The Economist special report on innovation: “Something new under the sun” quotes John Dryden of the OECD: “We firmly believe that innovation, not love, makes the world go round.” Dryden makes an important point but misses the bigger point. The bigger point is that the driver of innovation is love and passion. What drives innovation is the love of new ideas and new solutions. It’s the passion to create new opportunities, experiences and services, and the disciplined love to drive and execute these to establish a new reality.

The Economist further elaborates on the polarity of GE execution-focused approach to innovation, which emphasizes “operational excellence”, versus Google’s approach to innovation that emphasize free-ranging play by granting its engineers permission to spend 20% of their time on pet projects. GE’s CEO, Jeffrey Immelt, brings the “What matters gets measured” mindset to innovation, while Eric Schmidt, Google’s CEO, declares that trying to measure his firm’s innovation process would choke it off all together. It’s the science versus art argument that again misses the point, as most polarity debates do. The greater power and opportunity is in integrating art and science. The integration point of science and art, and of the execution-based and the free-range approaches to innovation is a disciplined love. Great scientists and engineers get up in the morning like great artists and authors – they cannot wait to get into the process they love so much – the process that takes them to the next step of discovery and realization, the process that gets results.

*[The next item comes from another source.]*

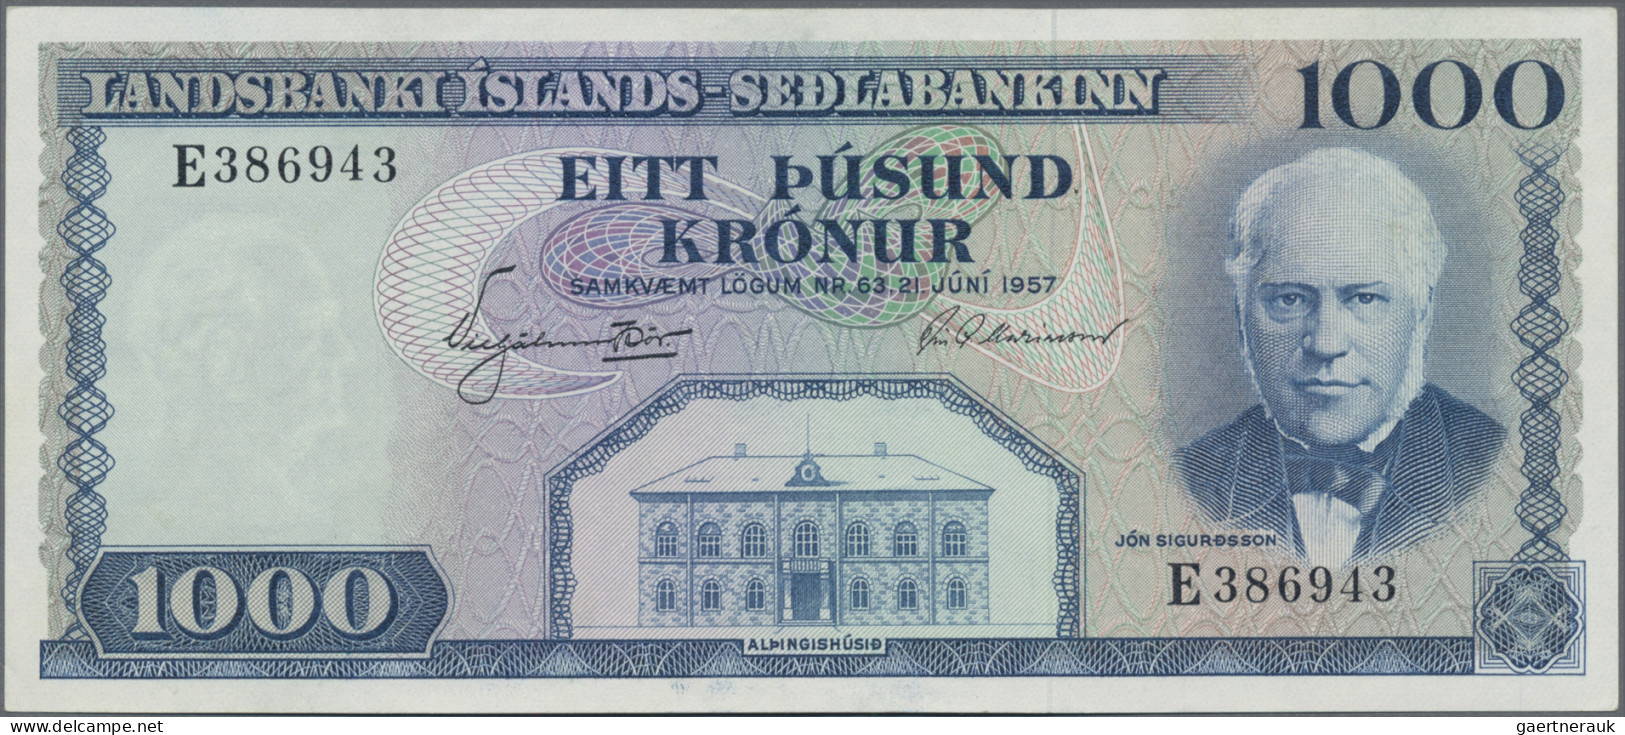 Iceland: Treasury and State Bank of Iceland, lot with 4 banknotes, series 1941,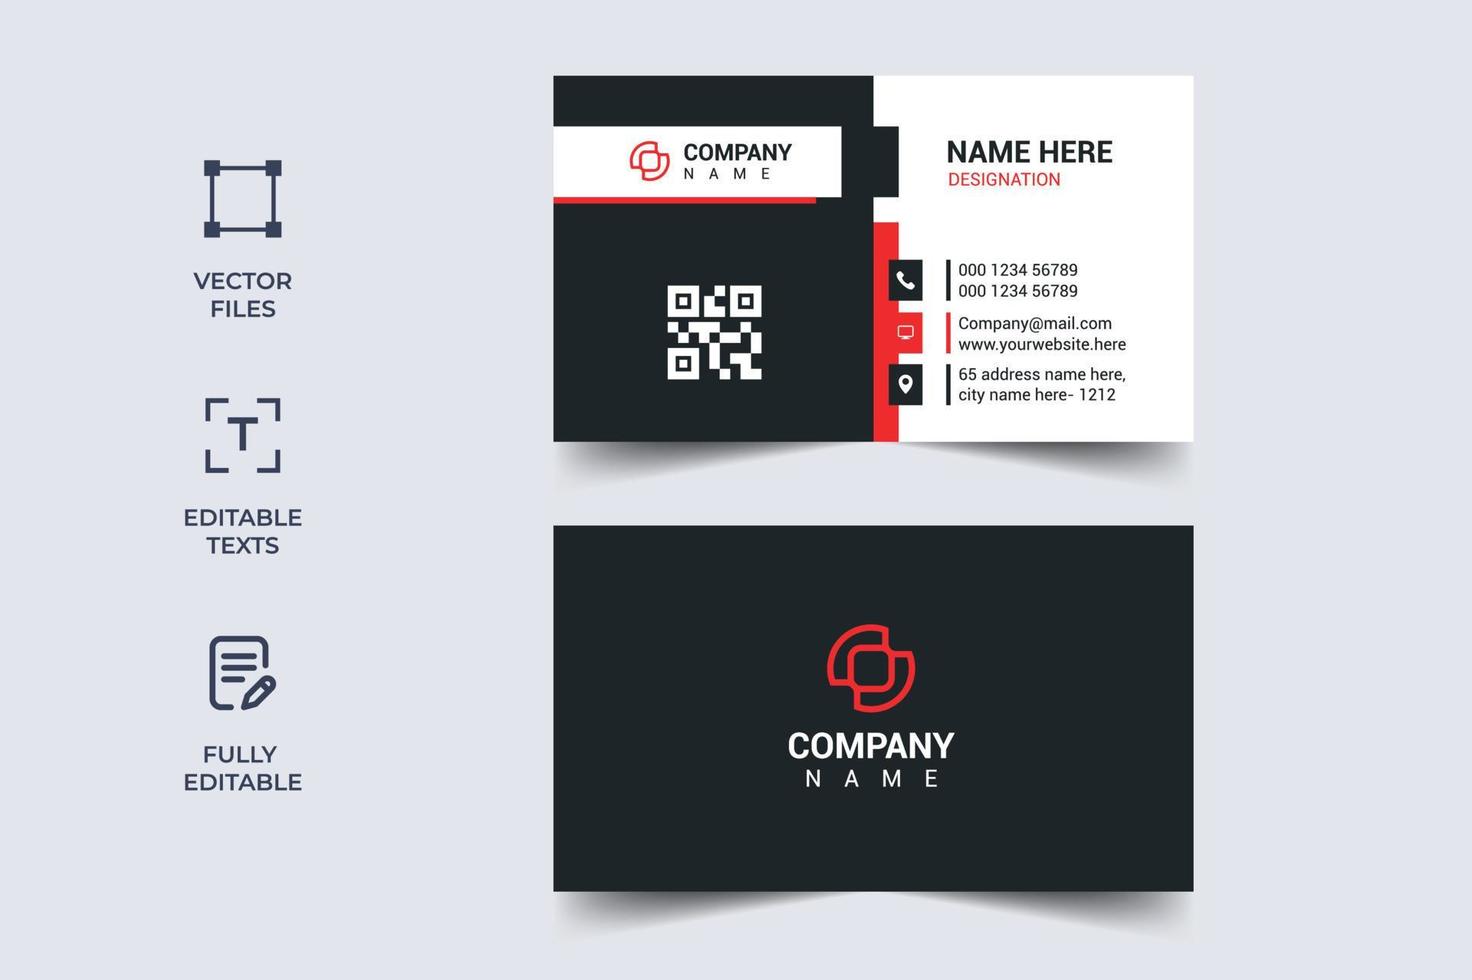 Double Sided Business Card Design Vector Template - Horizontal

In our program, The Three Propulsions of Great Companies – A Template for Greatness, managers focus on their best practices and on ways to unleash innovation. Amber Network offers practices and disciplines that cover the whole range from focused execution to innovation, where these are not mutually exclusive but integrated into the passionate art and science of getting results. It’s time to stop the polarity argument and create a whole-person, whole-organization integral approach to innovation that gets results.